Options available for Dense layer:
* `Number of units` Dimensionality of the output space.
*Note: The softmax activation function is used for the last layer.*
`Run` When all is set, press the run button to start training the model.
The training time depends on many variables (dataset size, network architecture, number of epochs, hardware available, etc.).
You can monitor the progress on the chart indicating metric and loss function values.
Resulting model and other files are exported to the 'training' subfolder in the selected `output folder`.
#### 3 Prediction
In the last module, a trained model can be used to classify novel, unseen data.

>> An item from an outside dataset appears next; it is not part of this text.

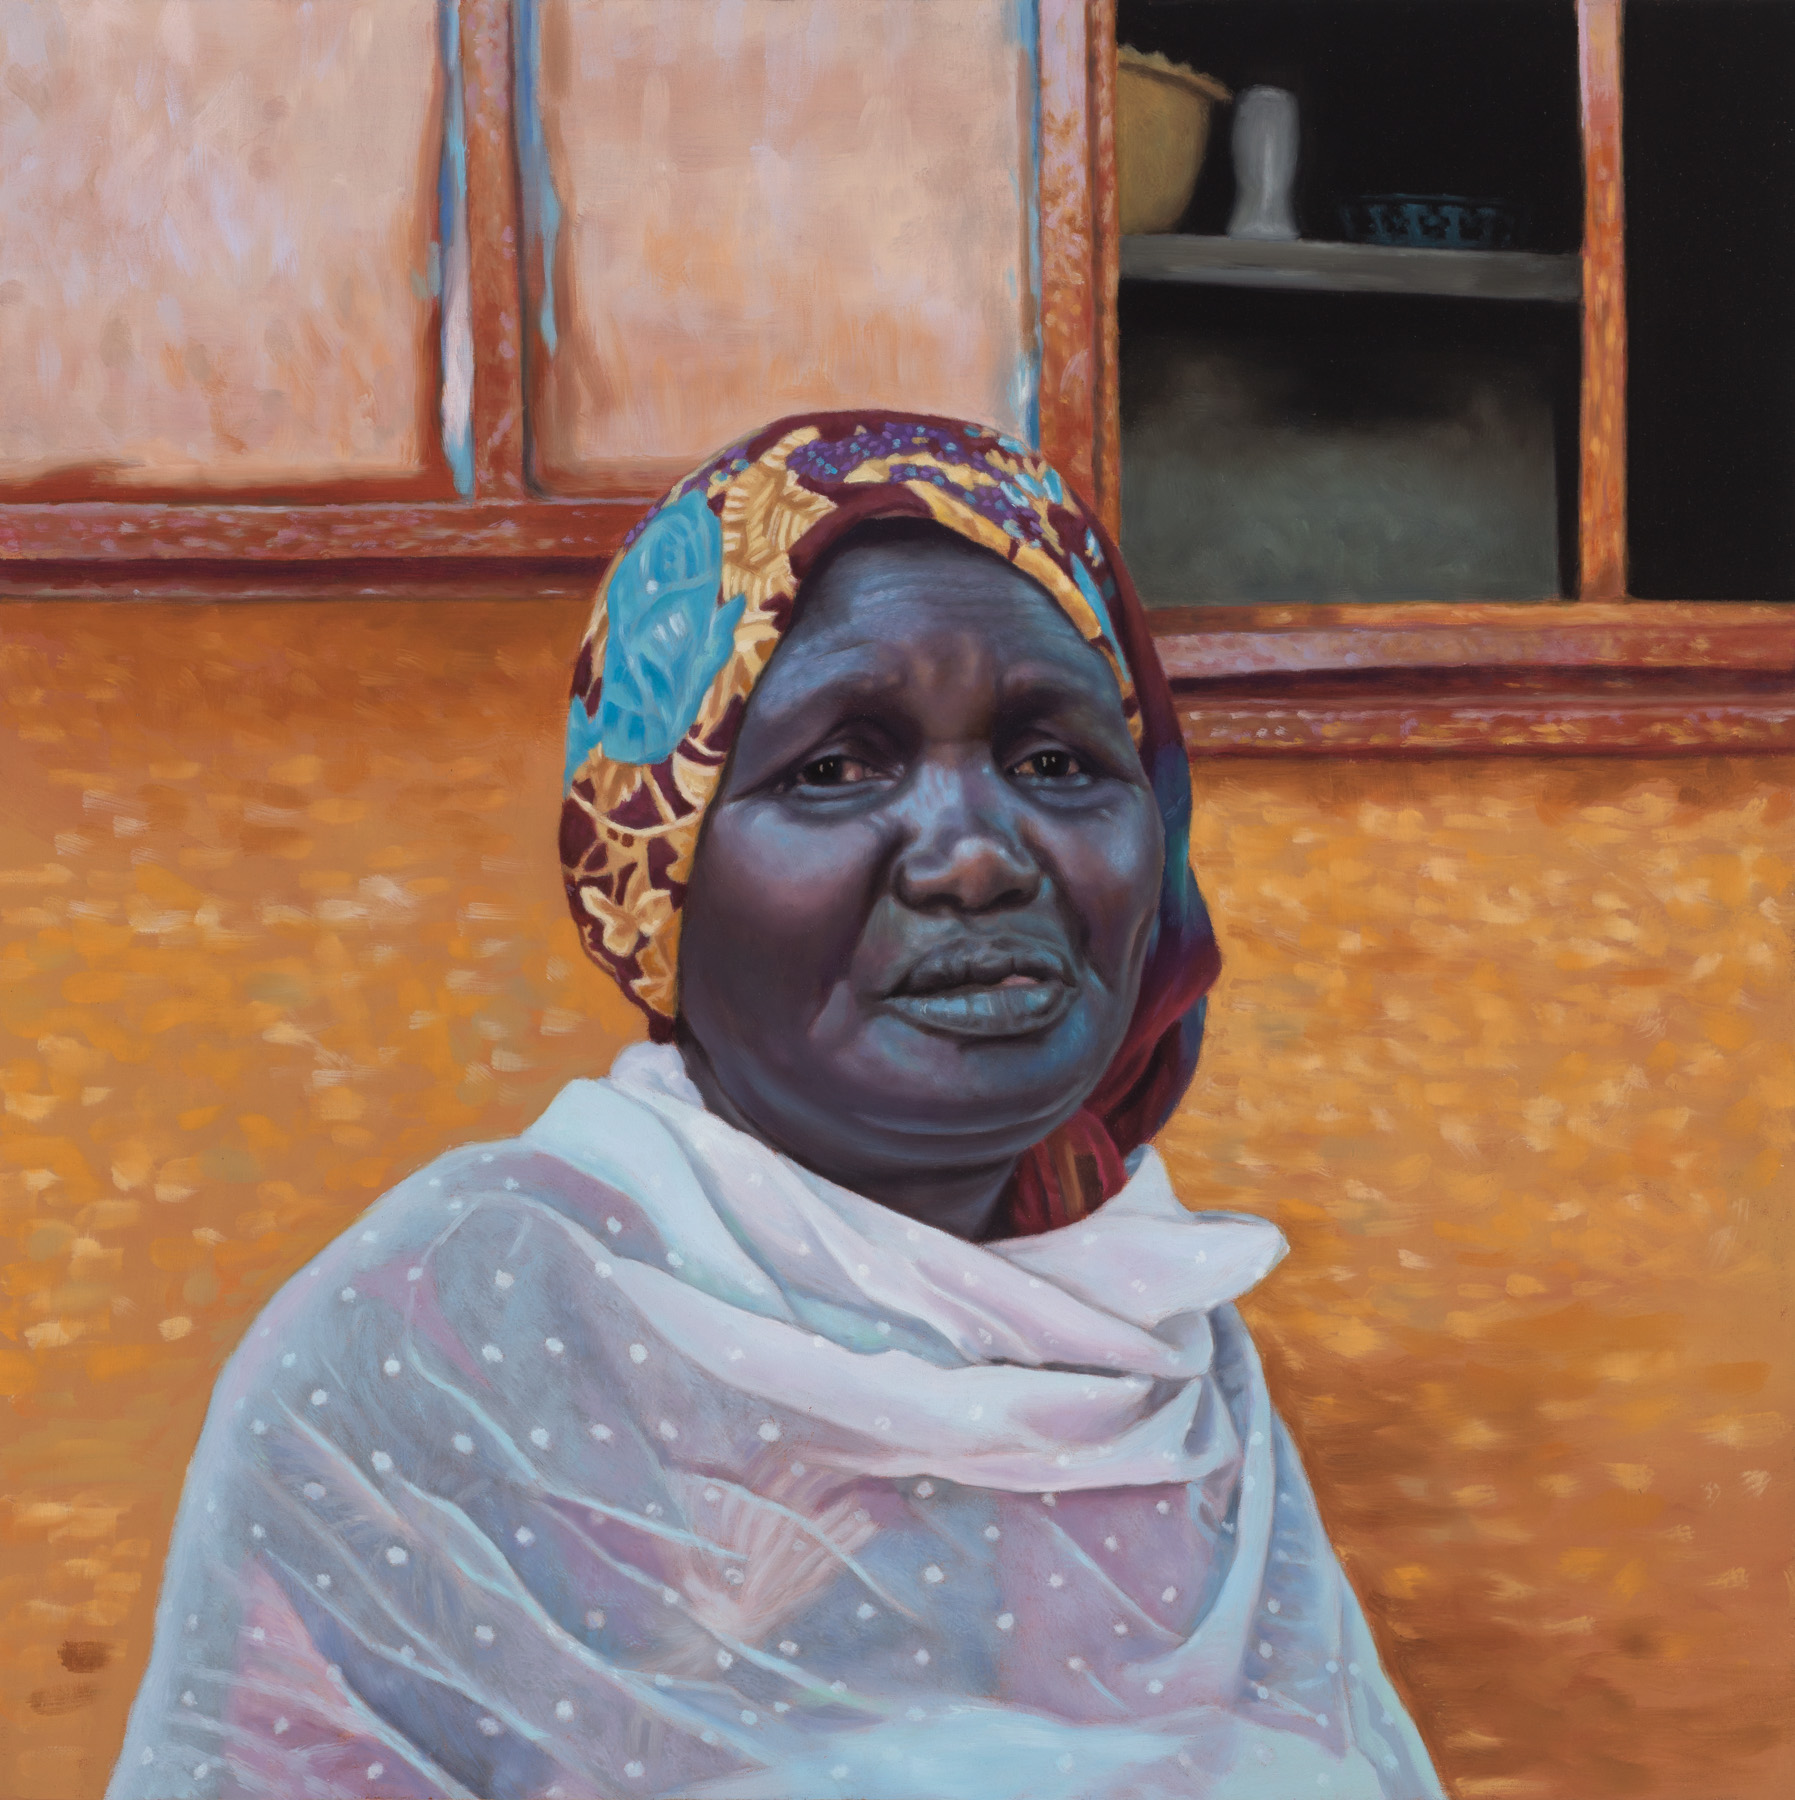 Oil painting of a person wearing head scarf

Sequences provided to be classified are preprocessed similar to the first module for the purpose of the CNN.
##### Model
You can either use a model trained with the ENN-Gene application, or any custom trained model.
`Use a model trained by the ENN-Gene application` Preferred option. When selected this option, you must provide:
* `Training folder containing the model (hdf5 file)` Except the hdf5 file with the trained model, the folder must contain the parameters.yaml file logged when training the model.
Form that the parameters necessary for sequence preprocessing are read, and displayed below the field after that.
`Use a custom trained model` When using model trained otherwise that through the application, necessary parameters must be provided separately.
When selected this option, you must provide:
* `Trained model (hdf5 file)` Path to the hdf5 file with the trained model.
* `Window size` The size of the window must be the same as when used ofr the training the given model.
* `Seed` Parameter used for the reproducibility of the semi-random window placement.
* `Number of classes` Number must be the same as the number of classes used for training the given model.
* `Class labels` Provide names of the classes for better results interpretation.
The order of the classes must be the same as when encoding them for training the given model.
* `Branches` Define branches used in the given model's architecture. Available options are: Sequence, Secondary structure, Conservation score.
##### Sequences
You can provide the input sequences you wish to classify in following formats:
* BED file
* FASTA file
* Text input - Paste one sequence per line.
*Note: If the Conservation score branch is applied, only files in BED format are accepted, as the coordinates are necessary to get the score.*
`Alphabet` Define the nature of the sequences (DNA or RNA).
`BED file` When providing the sequences via an interval file, following must be specified:
* `Path to the BED file containing intervals to be classified`
* `Apply strand` Choose to apply (if available) or ignore strand information.
* `Path to the reference fasta file` File containing reference genome/transcriptome.
Required when Sequence or Secondary structure branch is selected.
* `Path to folder containing reference conservation files` Required when Conservation score branch is selected.'Path to folder containing reference conservation files'
*Note: When providing the sequences via FASTA file or text input, sequences shorter than the window size will be padded with Ns
(might affect the prediction accuracy). Longer sequences will be cut to the length of the window.*
`Run` After all the parameters are set and selected, press the run button.
Calculating the predictions might take minutes to hours, depending on the number of sequnces, branches, hardware available etc.
Results are exported to the 'prediction' subfolder in the selected `output folder`. Information about the input sequences
are preserved in the result file (e.g. fasta header or coordinates from a bed file), while there are two more columns with the results appended.
One column shows raw probabilities predicted by the model, the other class with the highest probability (#TODO decide upon the threshold).